Trisomy 13 is a chromosome abnormality caused by having three copies of chromosome 13. Normally, each person has two copies of every chromosome. One copy comes from the mother, and one copy comes from the father. Children with trisomy 13 have two copies of all their chromosomes and an extra copy of chromosome 13. It is also possible for a child to have an extra copy of only part of chromosome 13, which is called partial trisomy 13.


Trisomy 13 occurs in all ethnicities and equally affects both males and females. Trisomy 13 occurs in about 1 in 10,000 live births.

Signs and Symptoms

Trisomy 13 is present from birth. Children with trisomy 13 have certain physical characteristics but may not have all of the following symptoms: 

  1. Infants have difficulties breathing and feeding.
  2. The head is small with a sloping forehead.
  3. They may have an opening in the lip or palate because it did not close or come together completely (called a cleft lip or cleft palate).
  4. The ears are placed lower on the head than normal.
  5. There can be hearing loss and recurrent ear infections.
  6. There can be abnormal or missing ribs.
  7. There may be extra fingers and toes.
  8. The eyes are often small or spaced closely together and there may be defects of the eyes.
  9. The brain may not be completely separated into two halves (into the left and right sides of the brain.)
  10. The infant may not breathe periodically (apnea).
  11. There may be seizures.
  12. The chin may be small.
  13. There may be heart problems.
  14. The back of the neck may have extra loose skin.
  15. They have severe mental retardation.

Possible Causes

Trisomy 13 is caused by having an extra copy of part or all of chromosome 13. Most commonly, the extra chromosome comes from the mother. In 75% of cases, trisomy 13 results because the chromosomes did not separate normally in the mother’s egg and the fetus receives two copies of chromosome 13 from the mother instead of just one copy (a process called non-disjunction). The risk of non-disjunction increases as mothers get older. Approximately 20% of cases are due to the joining of two chromosomes 13. This is referred to as a Robertsonian translocation. About 5% of cases are caused by the chromosomes not separating normally after fertilization.

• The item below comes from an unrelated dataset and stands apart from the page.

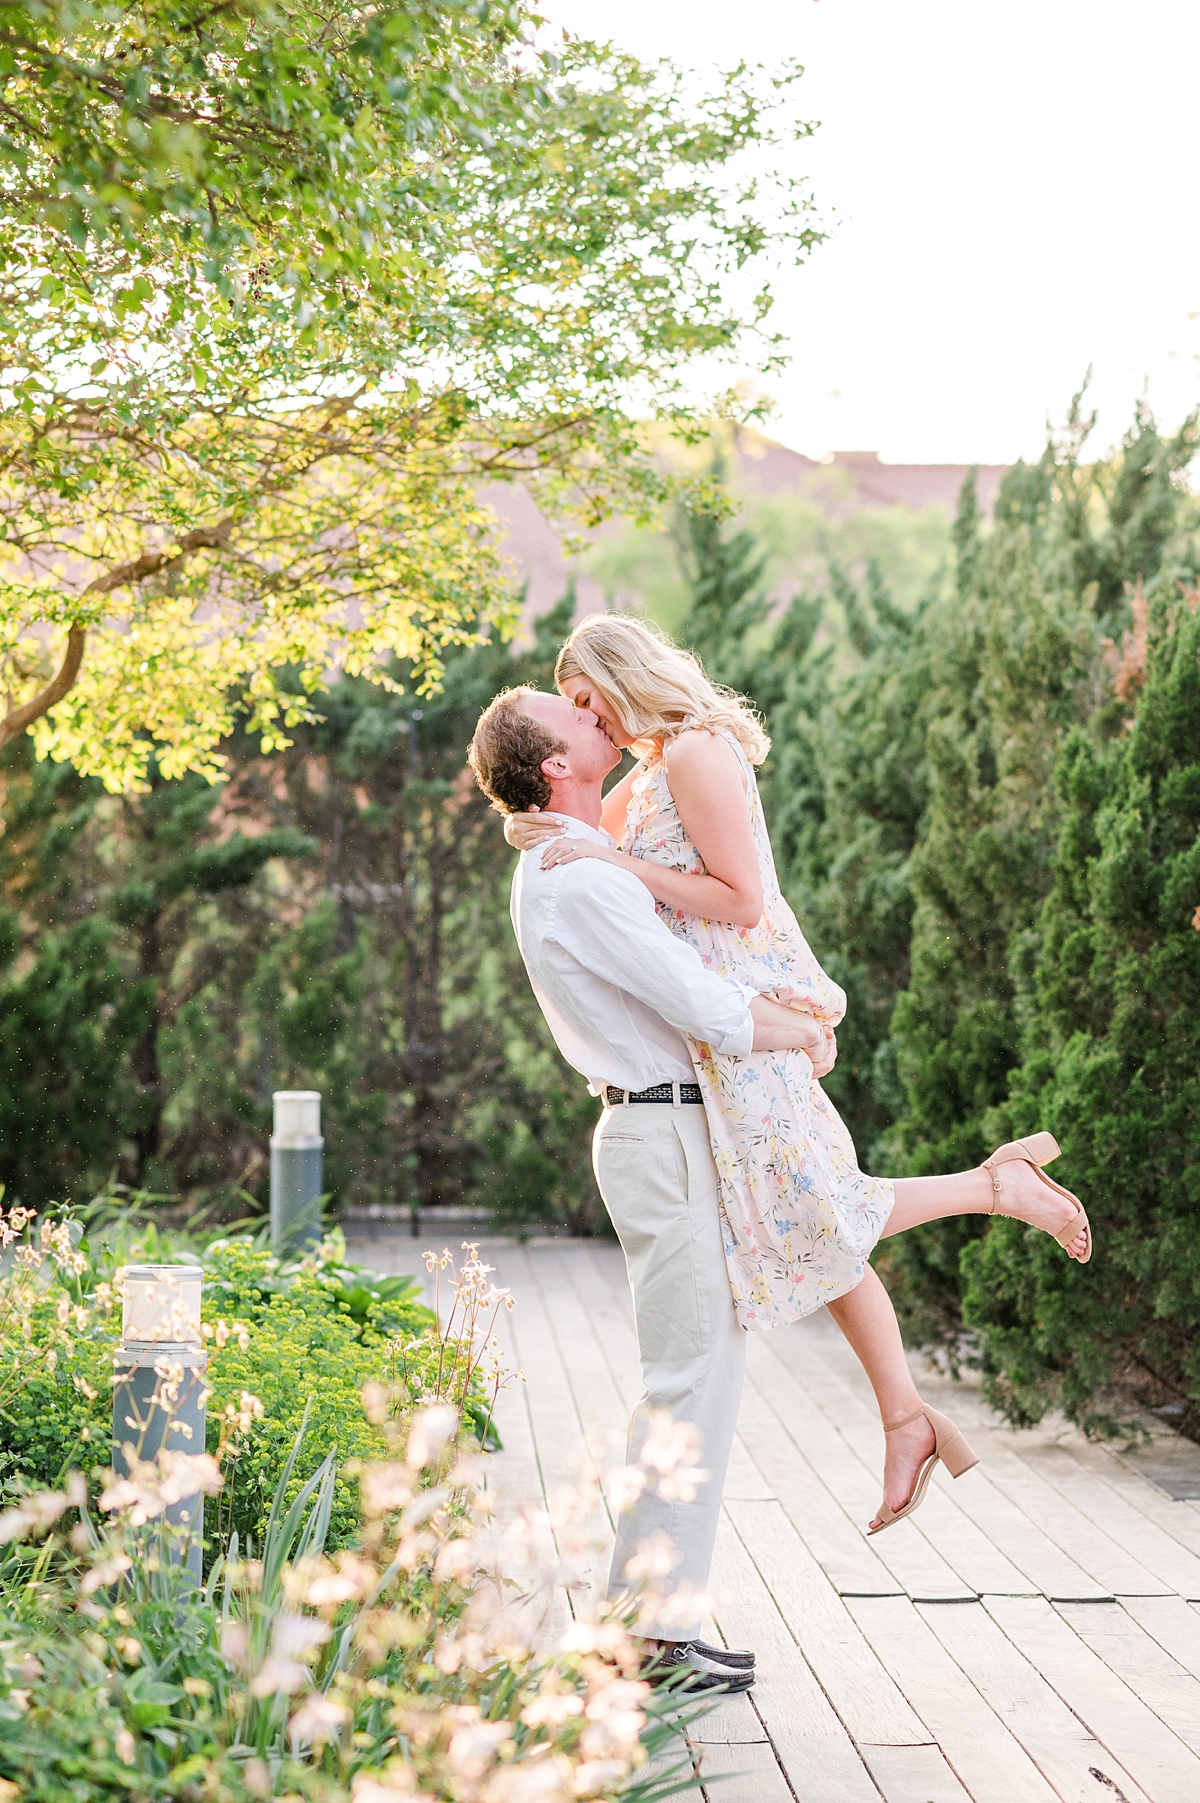 Stunning scissor kick kiss portrait during spring engagement session at the VMFA in downtown Richmond. Photography by Virginia wedding photographer Kailey Brianne Photography.

The diagnosis of trisomy 13 is made by the above signs and symptoms. Genetic testing to look at the chromosomes, called a karyotype, can confirm the diagnosis. This testing can be performed during the pregnancy (prenatally) using amniocentesis or chorionic villus sampling, or after the baby is born.


There is currently no treatment or cure for trisomy 13. The infant should be kept comfortable.


The prognosis for infants with trisomy 13 is not very good. Approximately 45% of infants do not live past 1 month of age, 69% do not live past 6 months, and 72% do not live past 1 year. The prognosis is different for children with partial trisomy 13 depending on how much extra chromosome material there is.

Connect with other parents

In the spirit of community and support, Madisons Foundation offers the unique service of connecting parents of children with rare diseases. If you would like to be connected to other parents of children with this disease, please fill out this brief form.


SOFT: Support Organization For Trisomy 18, 13 and Related Disorders 
A great website with information about Trisomy 13 as well as available support for families affected by the disorder.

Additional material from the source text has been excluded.